---------- Data block

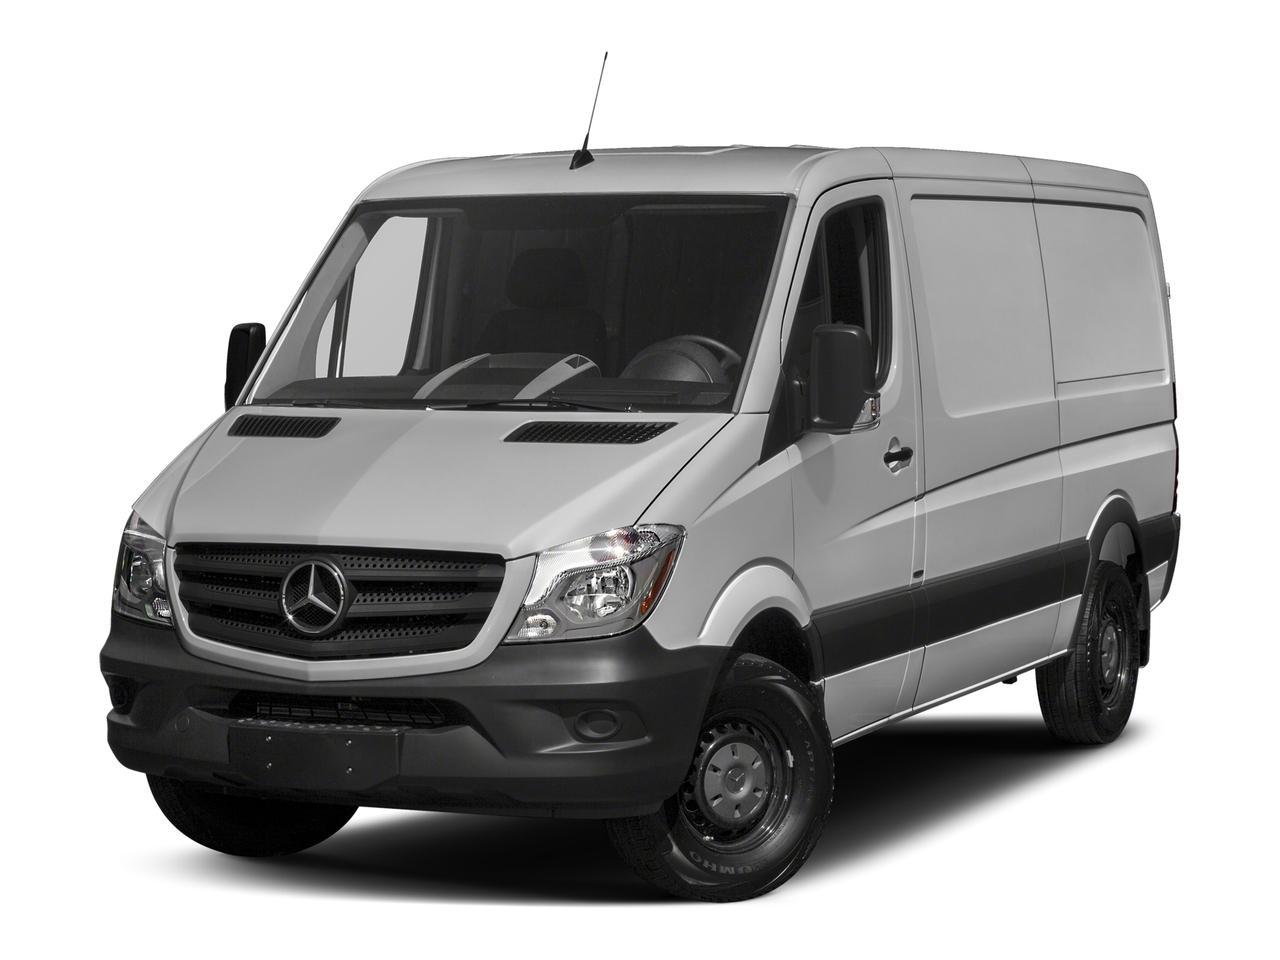 2017 Mercedes-Benz Sprinter Cargo Van Vehicle Photo in Plainfield, IL 60586
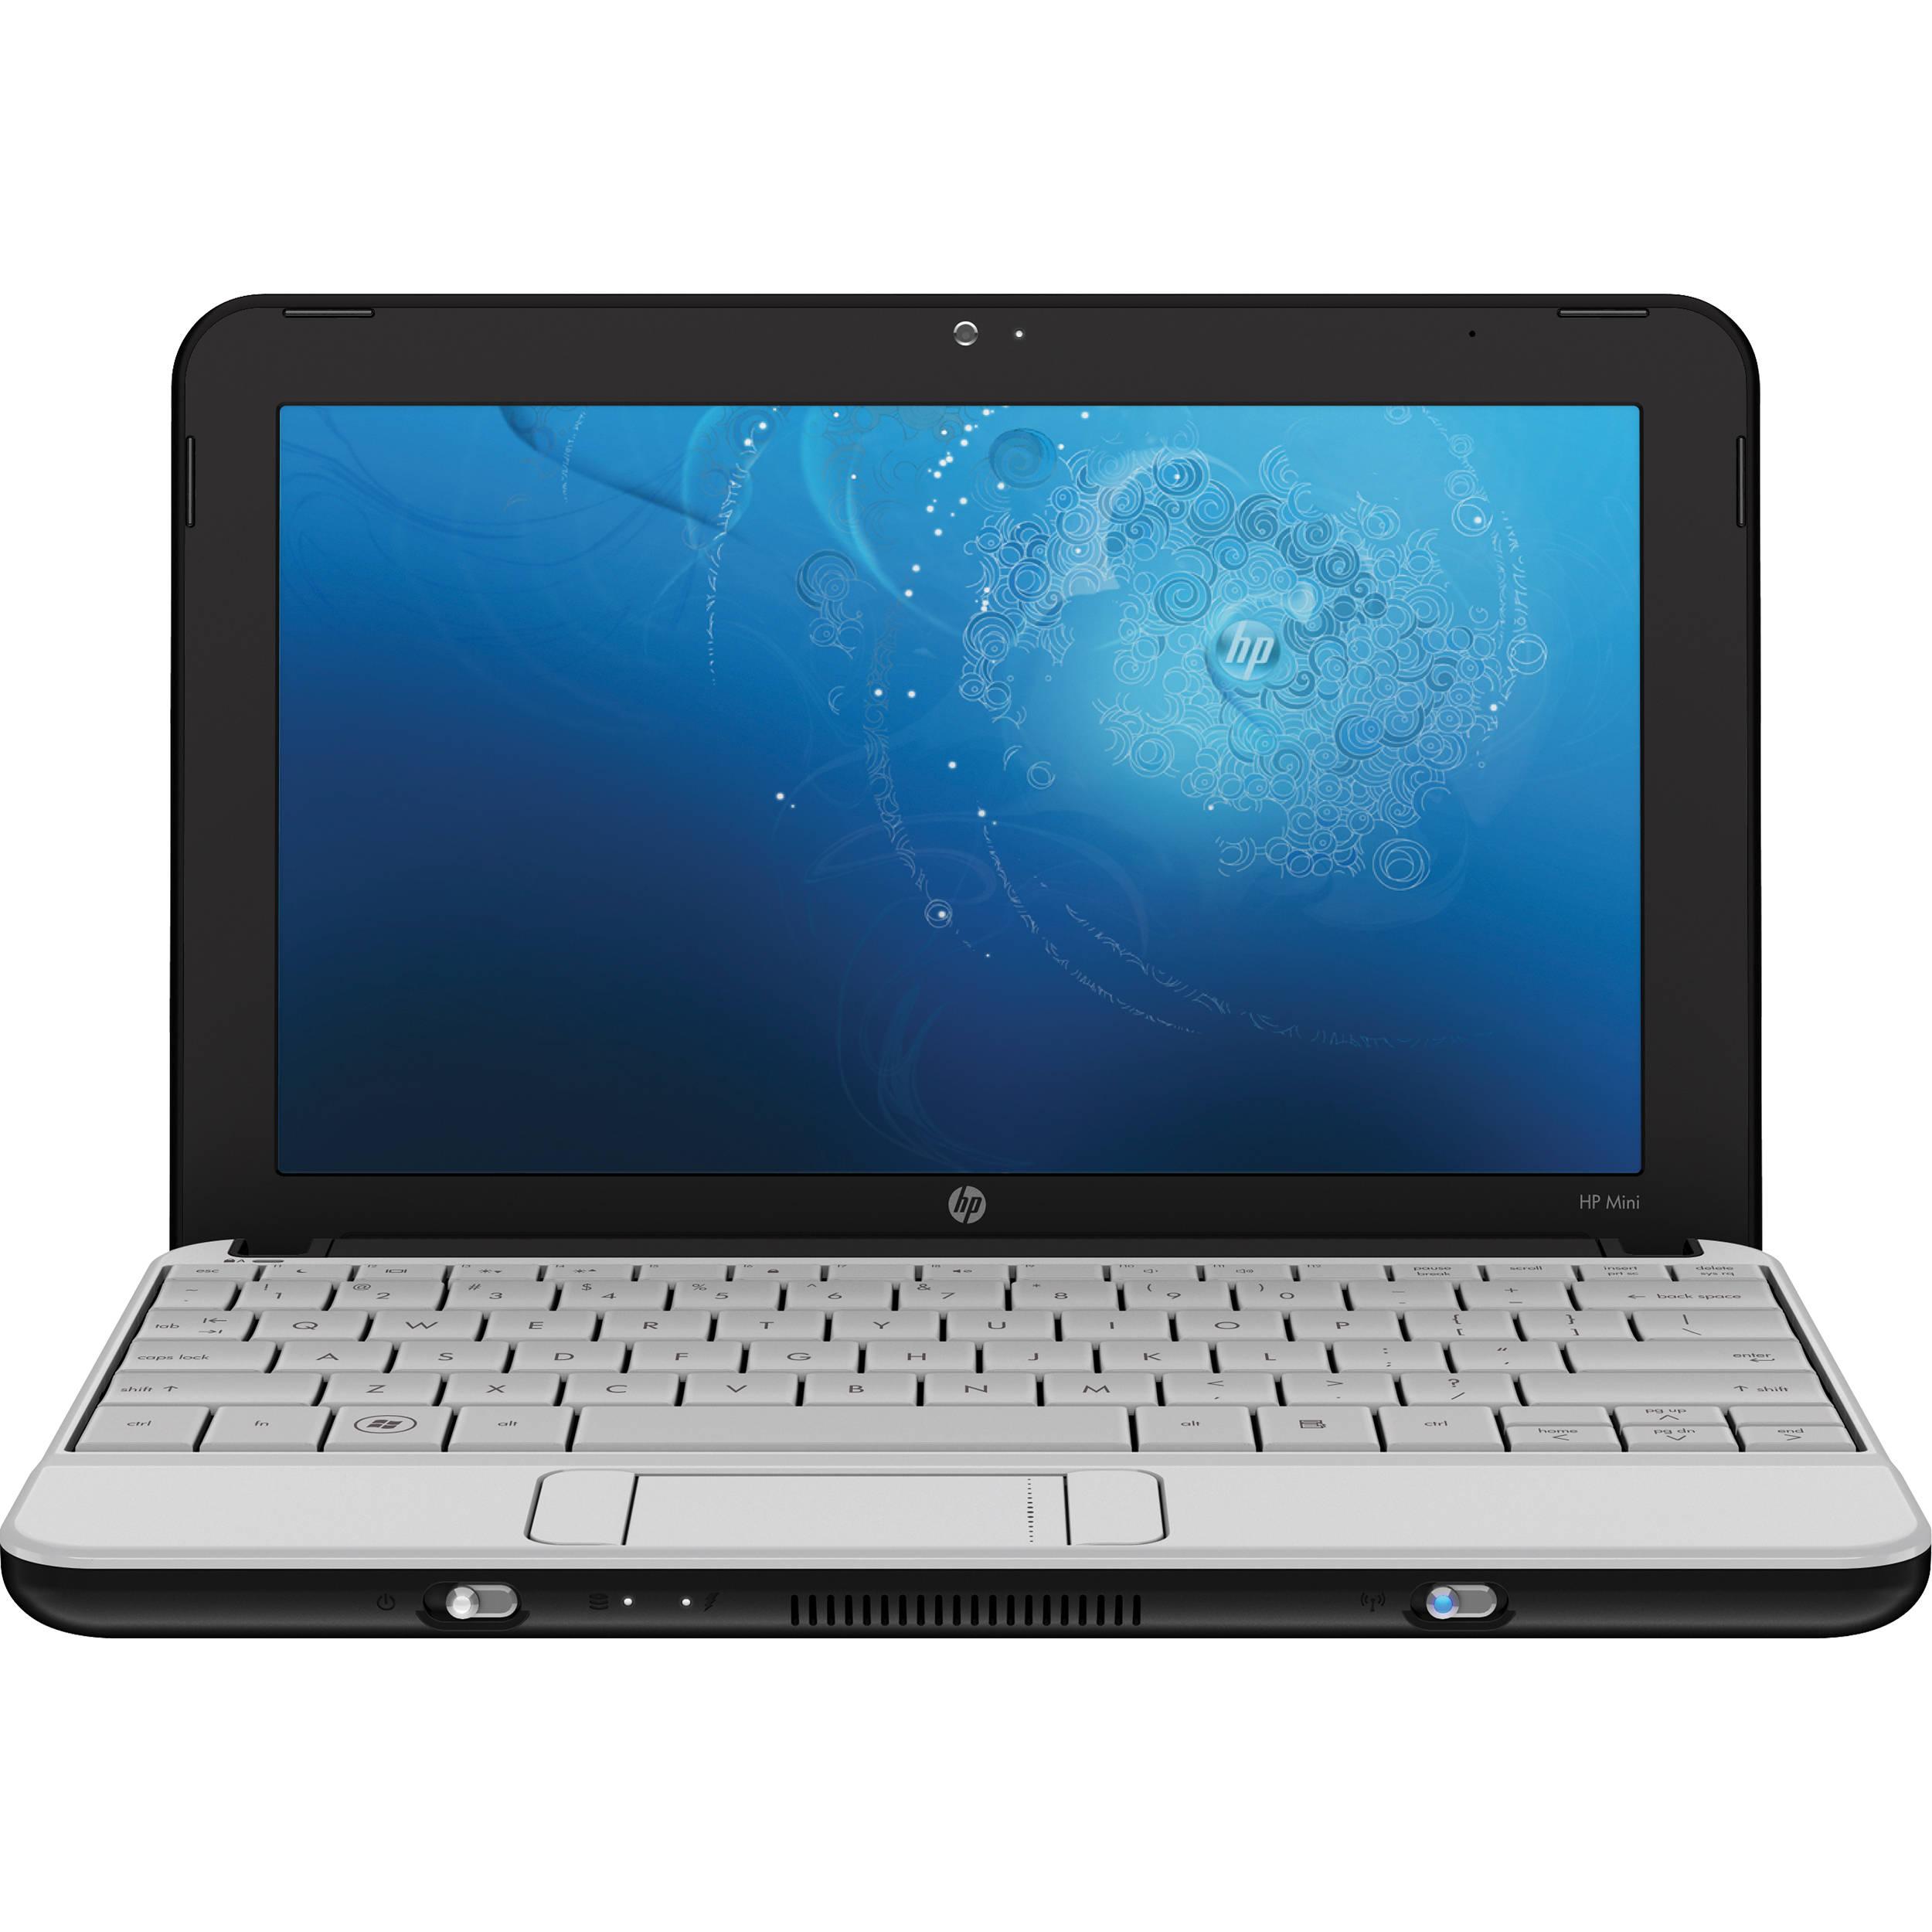 HP Mini 1126NR 64 Bit
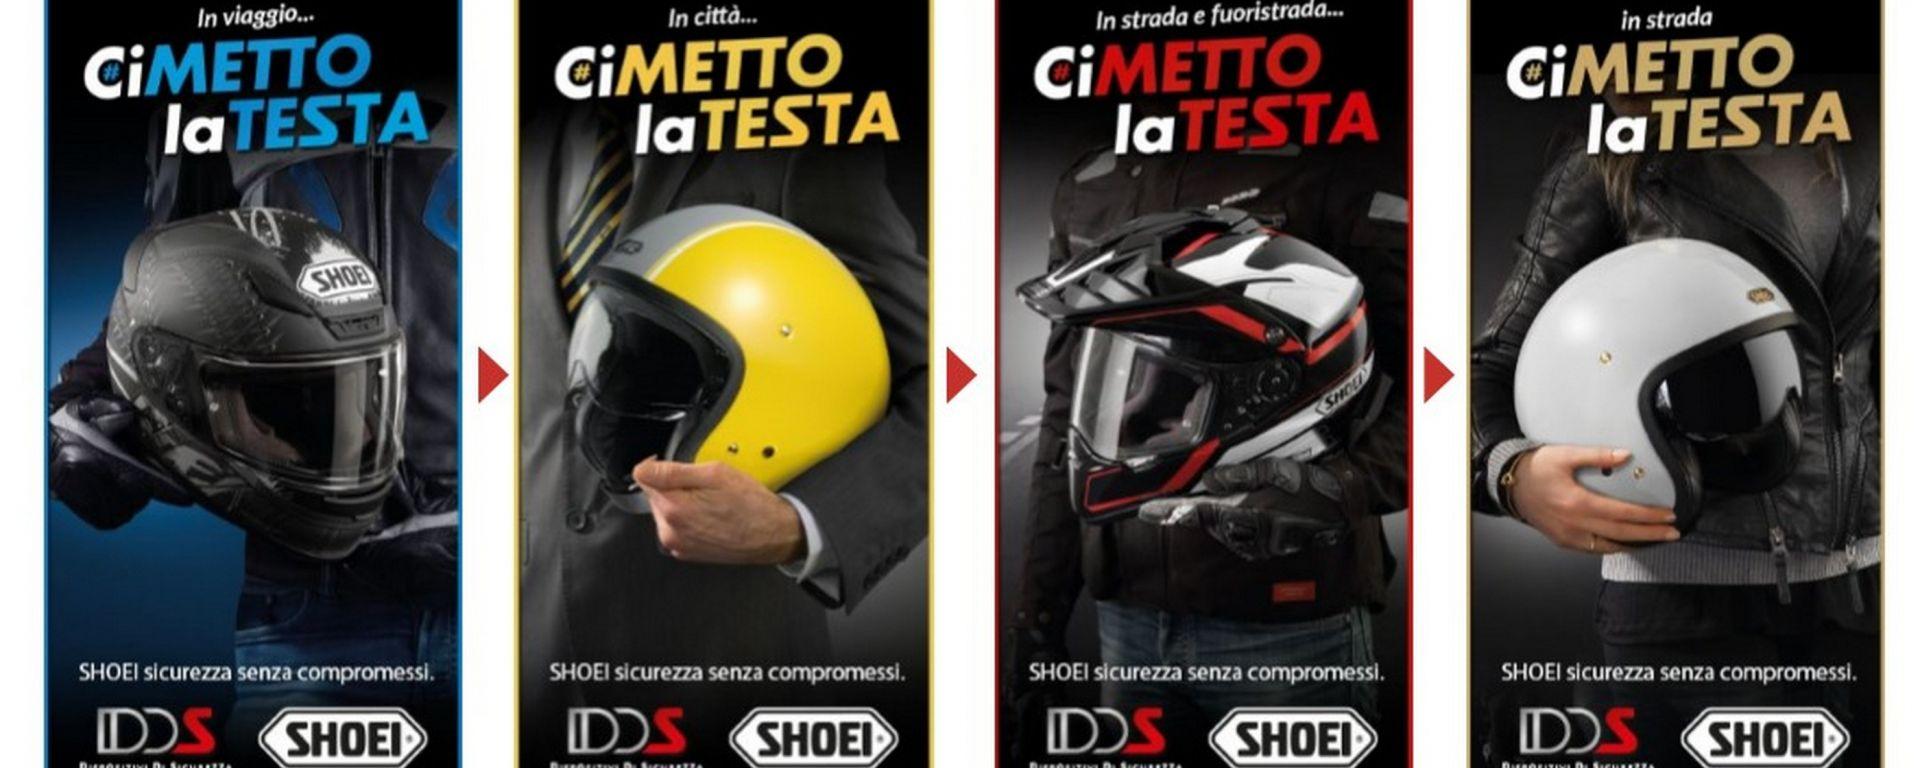 Shoei: online il nuovo portale cimettolatesta
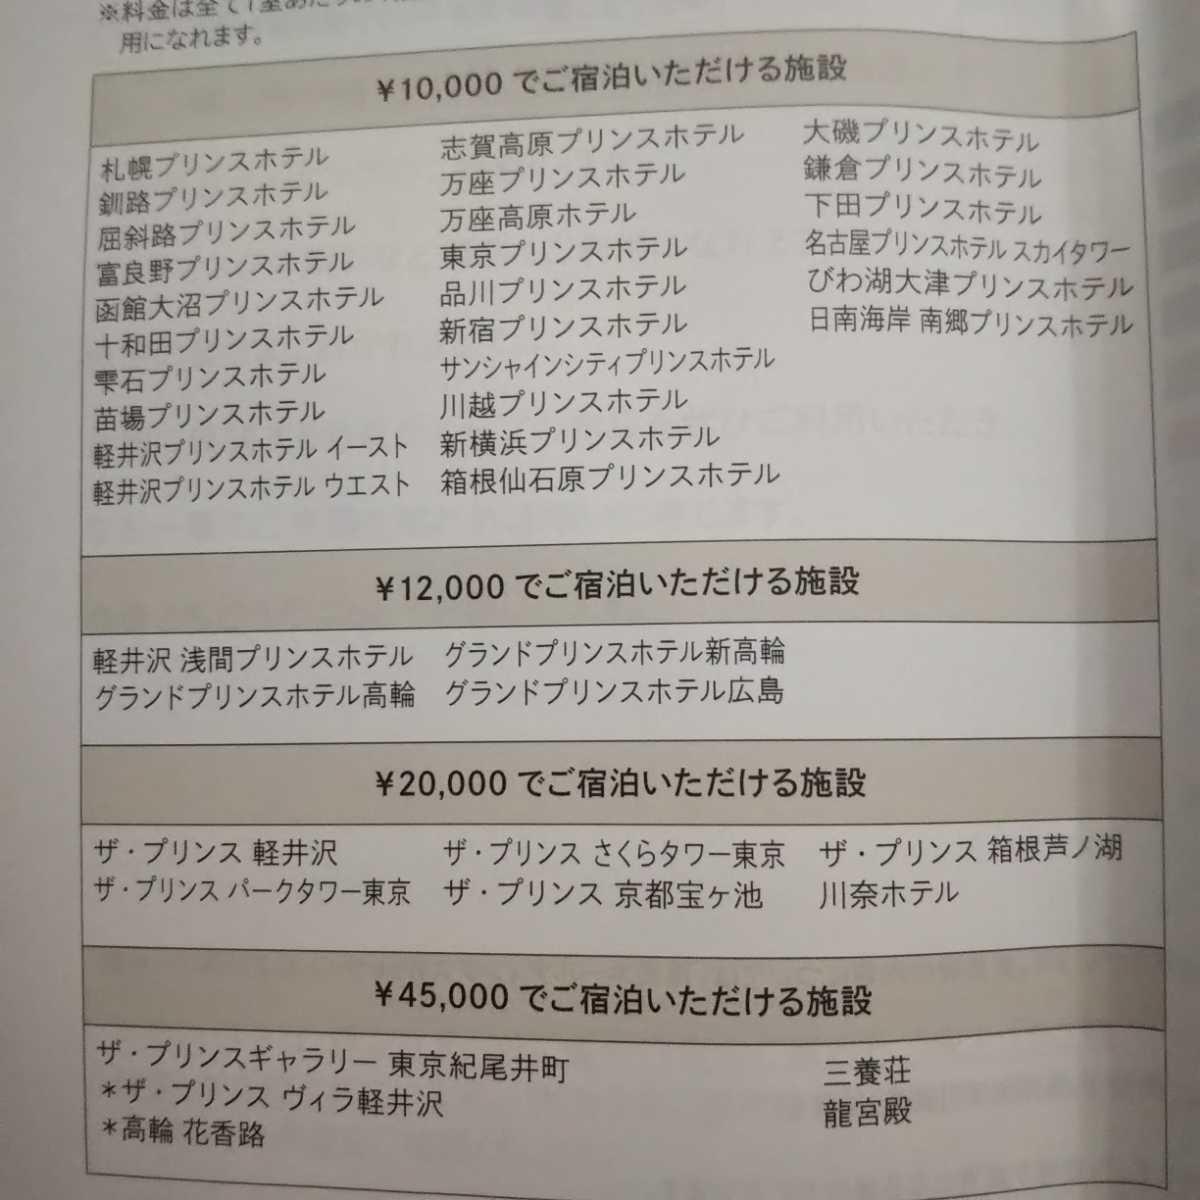 プリンスホテル 特別ご優待プラン利用券 【1枚】 西武HD 株主優待券 _画像2

--------------------

An unaltered copy of the material, without images, should be set down.

Task result:
 2017 Mercedes-Benz Sprinter Cargo Van Vehicle Photo in Plainfield, IL 60586
 HP Mini 1126NR 64 Bit
 Shoei: online il nuovo portale cimettolatesta
 プリンスホテル 特別ご優待プラン利用券 【1枚】 西武HD 株主優待券 _画像2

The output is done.